Francois: on desktop, users do not see native controls but custom controls provided by web sites
… need some API to provide these custom controls
marcosc: agree with reilly and francois, in particular Netflix use case is interesting and I personally use it a lot, native UI control makes a lot of sense, needs discussion with HTML and Media groups at W3C as a generic thing
… QR code is important use case and needs to addressed
reillyg: brightness is system-wide control, while e.g. volume is app specific
rakuco: like to get help from the group to make progress with these issues
people interested in Screen brightness Anssi, Fuqiao, Reilly, Raphael, Francois, Thomas Marcos
ACTION: anssik to set up a follow-up meeting to discuss Brightness Mode, participants; Anssi, Fuqiao, Reilly, Raphael, Francois, Thomas, Marcos, Lars
Idle Detection API
reillyg: the update on Idle Detection API since our last meeting, there's a complete spec for this and it went through Origin Trial in Chrome
… working with partners interested in the API, result of the OT was that it worked as intended
… use case, if the user is not using the app on desktop the app cannot know if they should send notifications to the mobile or on the desktop
… not having this API caused a lot of user frustration per partner feedback
… response rate to messages remained the same, users got the messages but not unnecessary notifications
… the API is behind a permission prompt, and ongoing work is to try to implement adding fuzziness to the timing of timing events
… this hides global state
… mitigating cross-site vectors is work in progress, standard mitigations for events is to only allow sites visible receive the event
… the point of this API is a site that is not visible to get the event, so we add additional mitigations for that
tomayac: is there a plan to have this limited to an origin?

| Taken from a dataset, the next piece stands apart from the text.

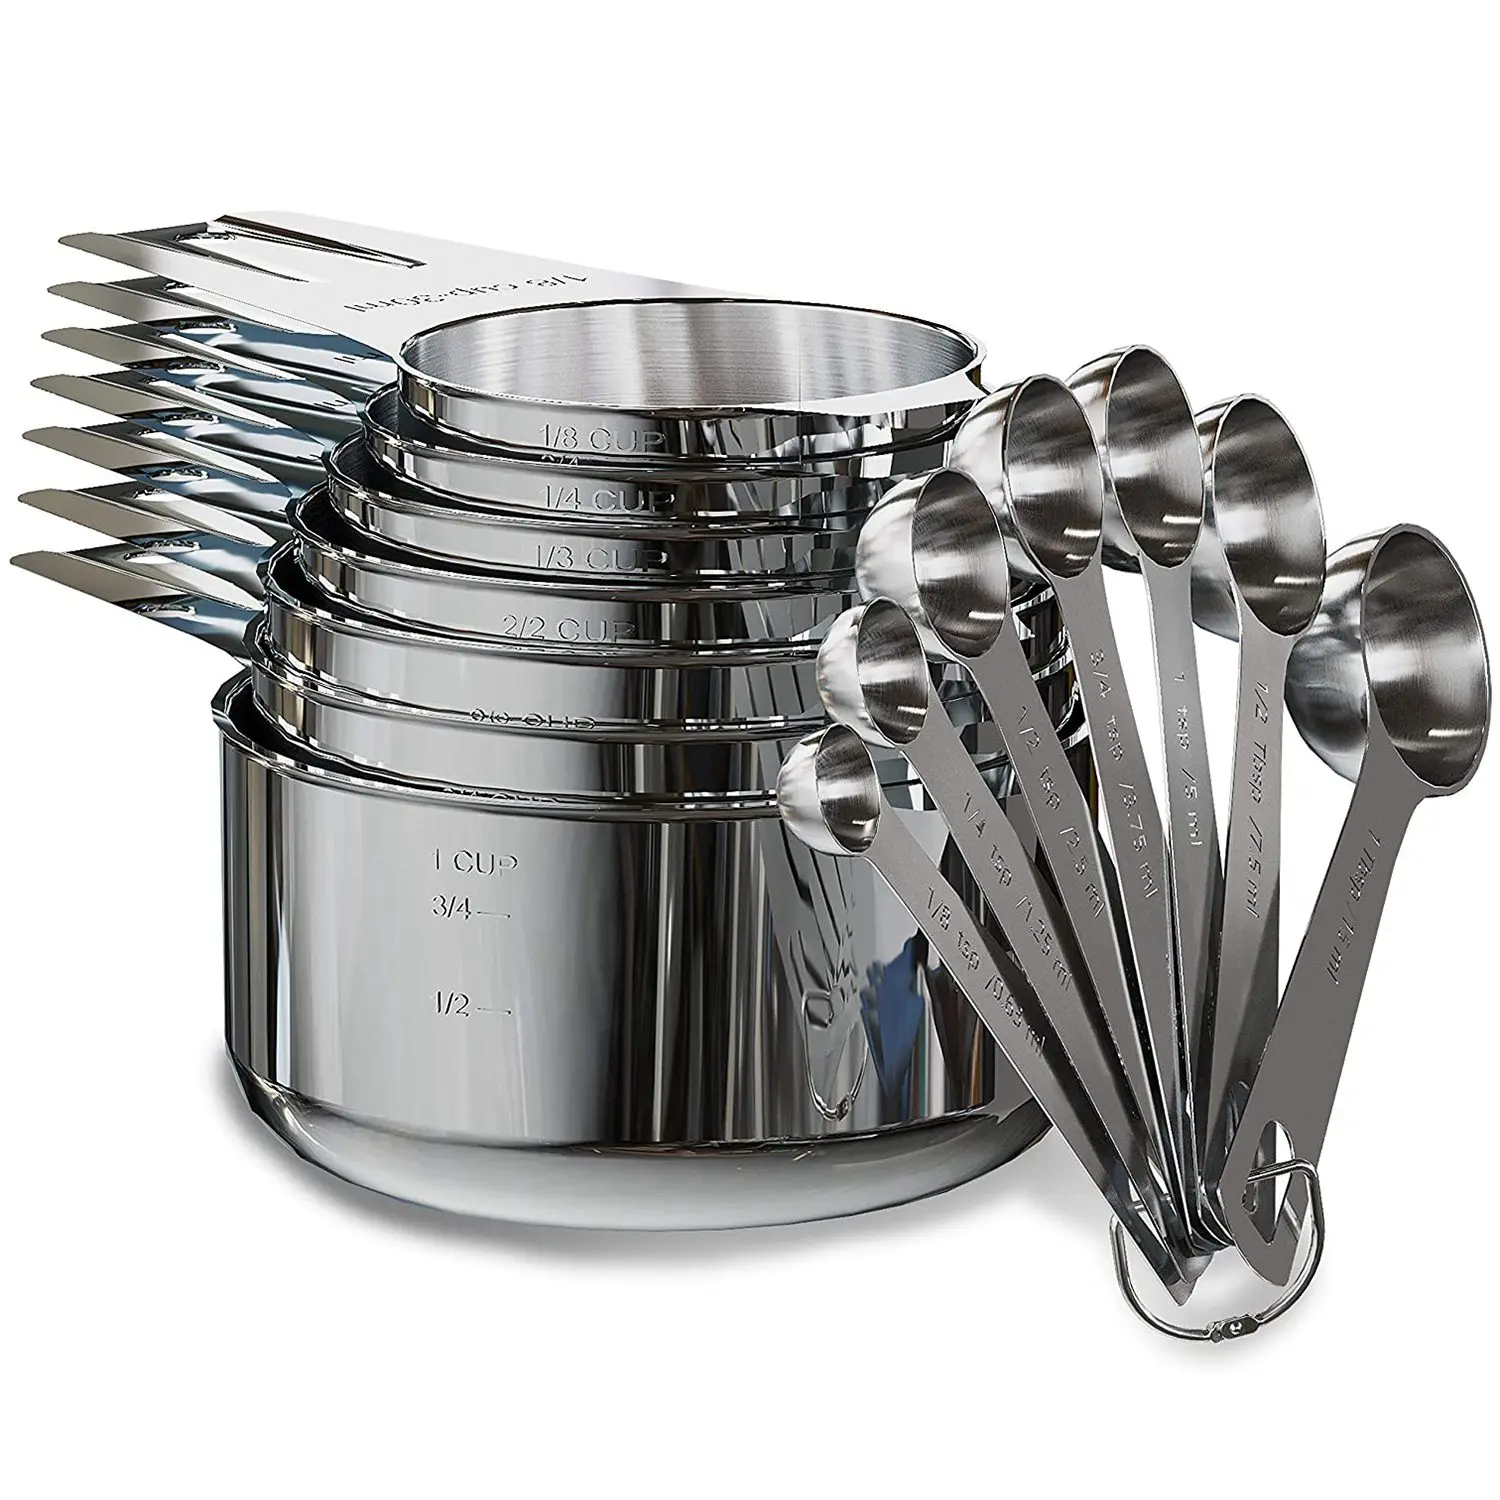 

Stainless Steel Measuring Cups and Spoons Set of 14 Pieces,7 Nesting Cups and 7 Stackable Spoons Professional Portable

… I implemented this for a popular PWA and they do not need all the features of the API, only for their own origin
reillyg: my feeling is that since this can be polyfilled, it doesn't seem worthwhile to increase the complexity of the API
tomayac: I agree, brought this up because I heard developer feedback in this regard
anssik: Intel is interested this API and we are working on alternative backends
<tomayac> Closed https://
anssik: prosing we defer Network Information API to tomorrow, agenda updated accordingly
[agreement]
anssik: thank you everyone for joining us today, see y'all tomorrow at the same time!